Well, I learned what I pretty much already knew. The .300BO is pretty much a waste of a chambering, shooting suppressed. I didn't have any pigs come in, but I shot 5 coons, and should have had probably 3 more.
I have 3 problems with it:
First, it has the trajectory of a thrown stone. I'll need to hone up on the ballistic holds, but you pretty much need to be a long-range computational wizard to deal with the arc of that sucker. 15 yards longer or shorter than your zero and you better get factoring that in.
Second, even though it's quiet and I'm using a Dead Air Nomad 30 can with an e-brake, it still makes enough noise that the game runs from it. Not quite the same as unsuppressed, but they still know to get out of Dodge. I find this with full speed calibers too, when hunting hogs, that they hear it, but they're just a little slower in figuring out what direction to run.
Third, anemic. I'd be hesitant to shoot a large hog unless I had the perfect shot.

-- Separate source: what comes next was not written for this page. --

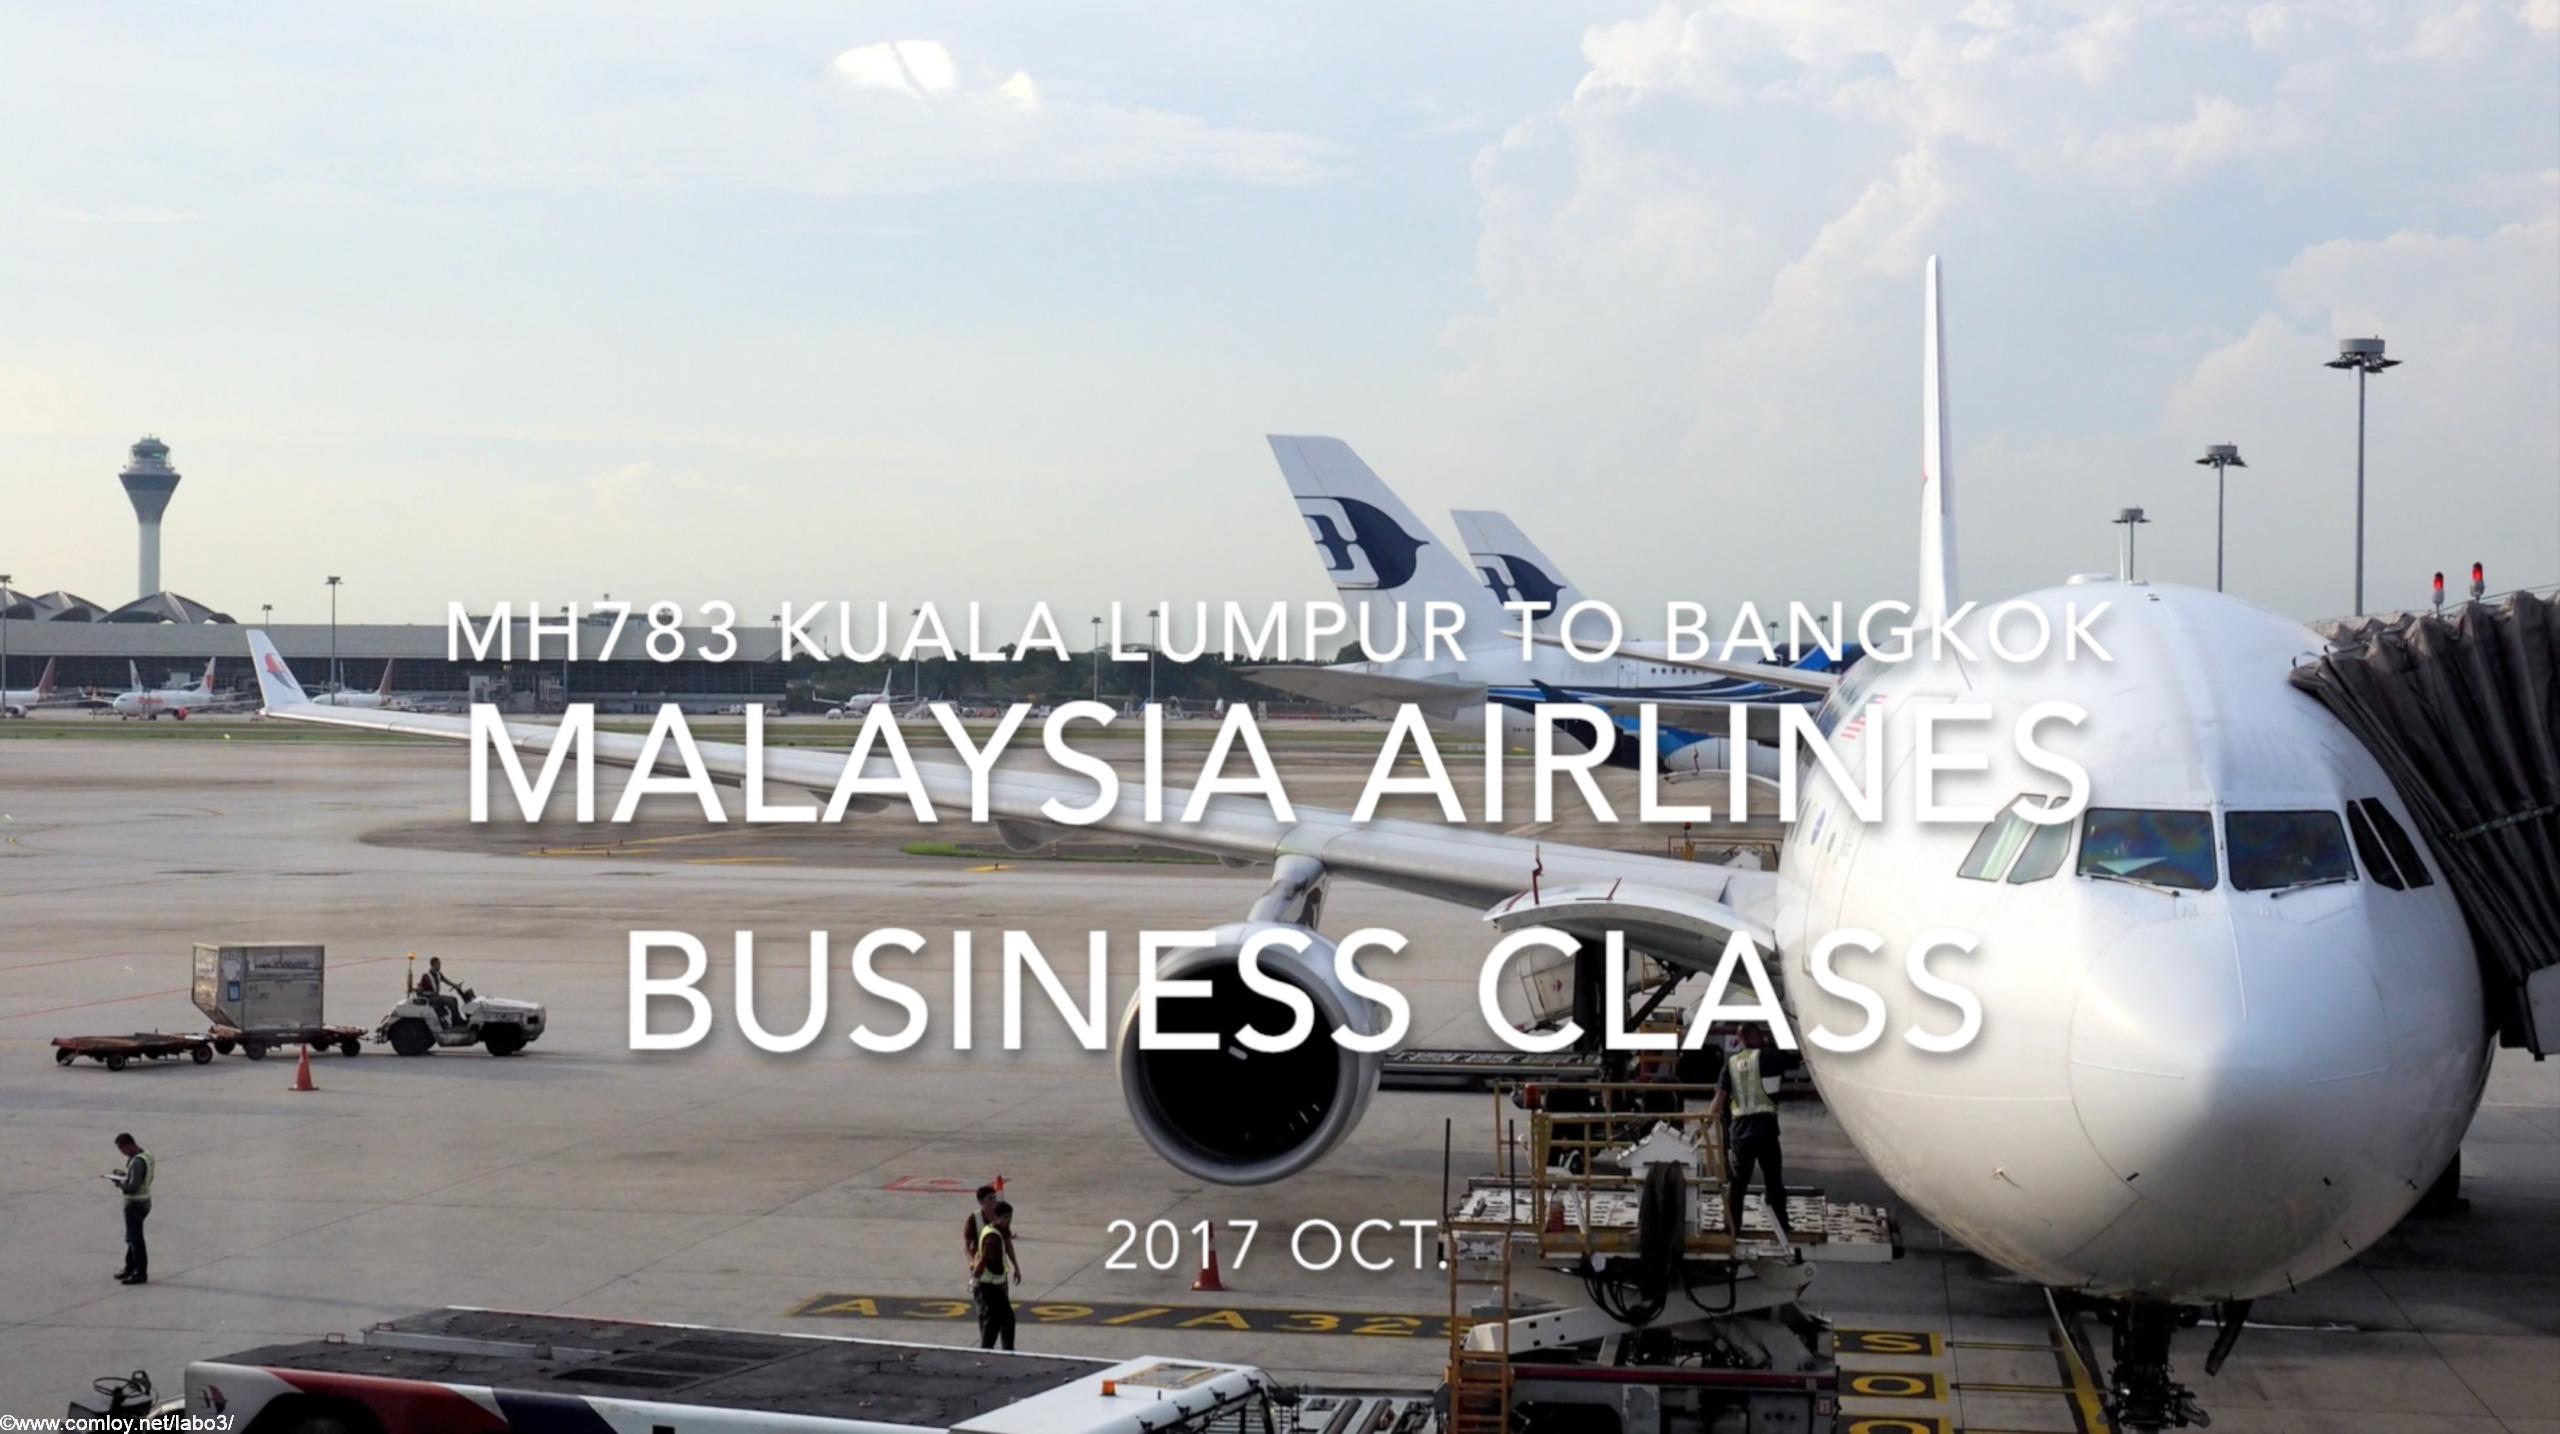 【Flight Report】Malaysia Airlines Business Class MH780 Kuala Lumpur to Bangkok 2017・10 マレーシア航空ビジネスクラス搭乗記 1
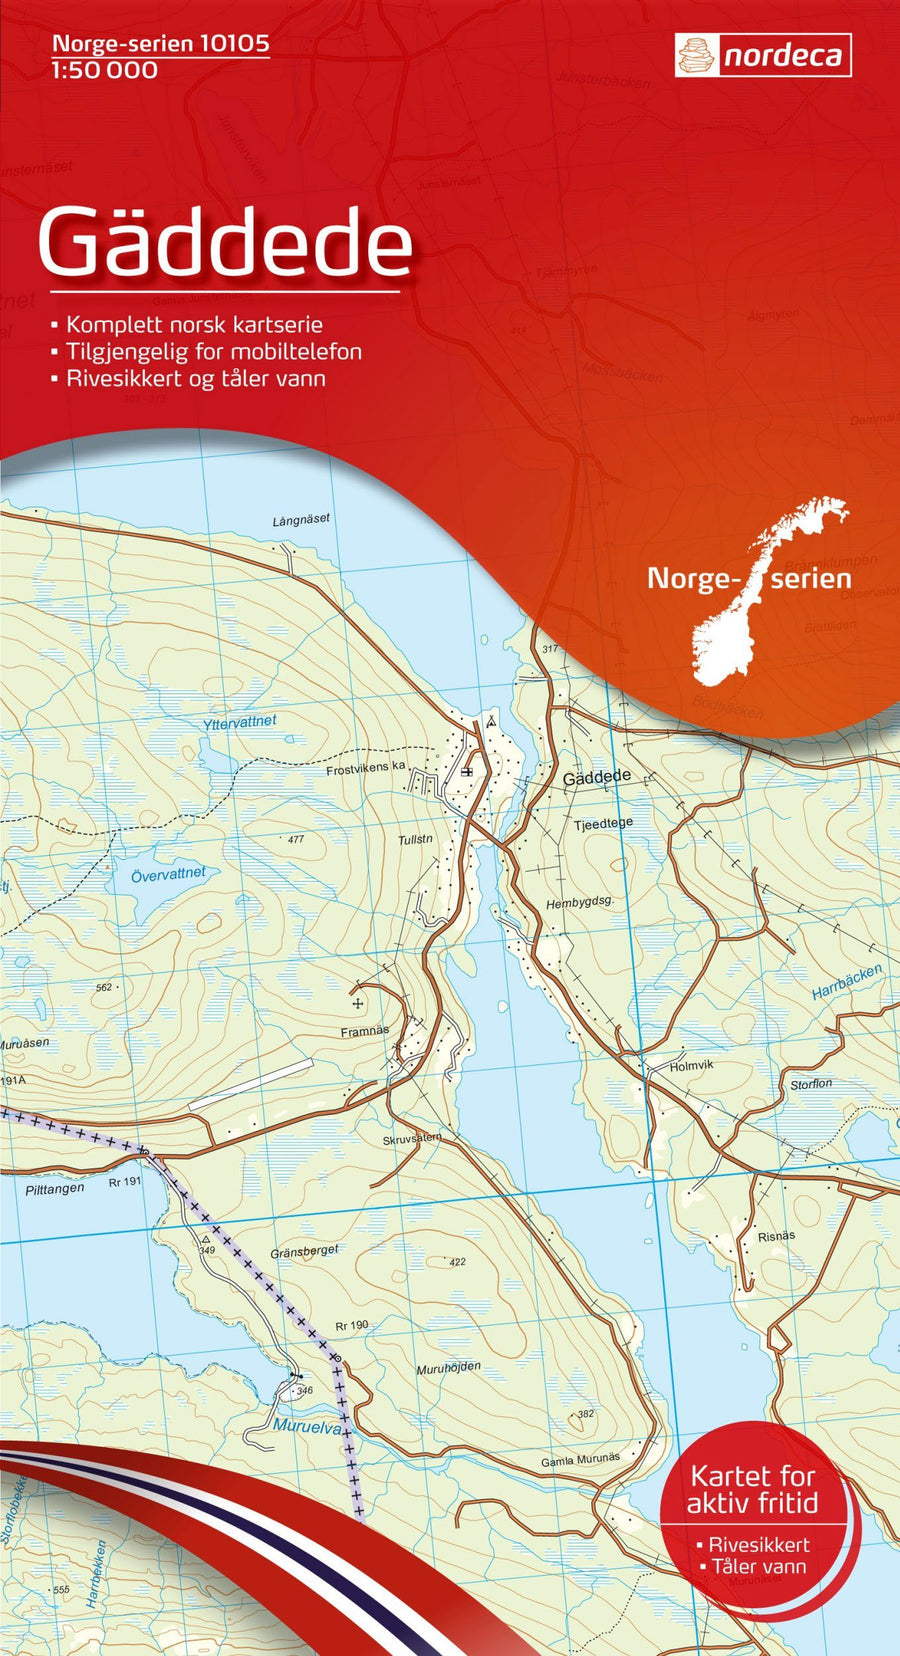 Carte de randonnée n° 10105 - Gaddede (Norvège) | Nordeca - Norge-serien carte pliée Nordeca

The bottom line (and I surmised this already), the .300 BO sub-sonic is a novelty with no real practical hunting use IMO. I'd rather blast away with a .223, .260, 6.5 or .308 and be sure of my ballistics and terminal performance.
It's fun as heck to shoot, but I like performance for hunting, and it lacks in that cartridge. Once again, I was reminded of how/why I landed on the chamberings I already shoot for most game.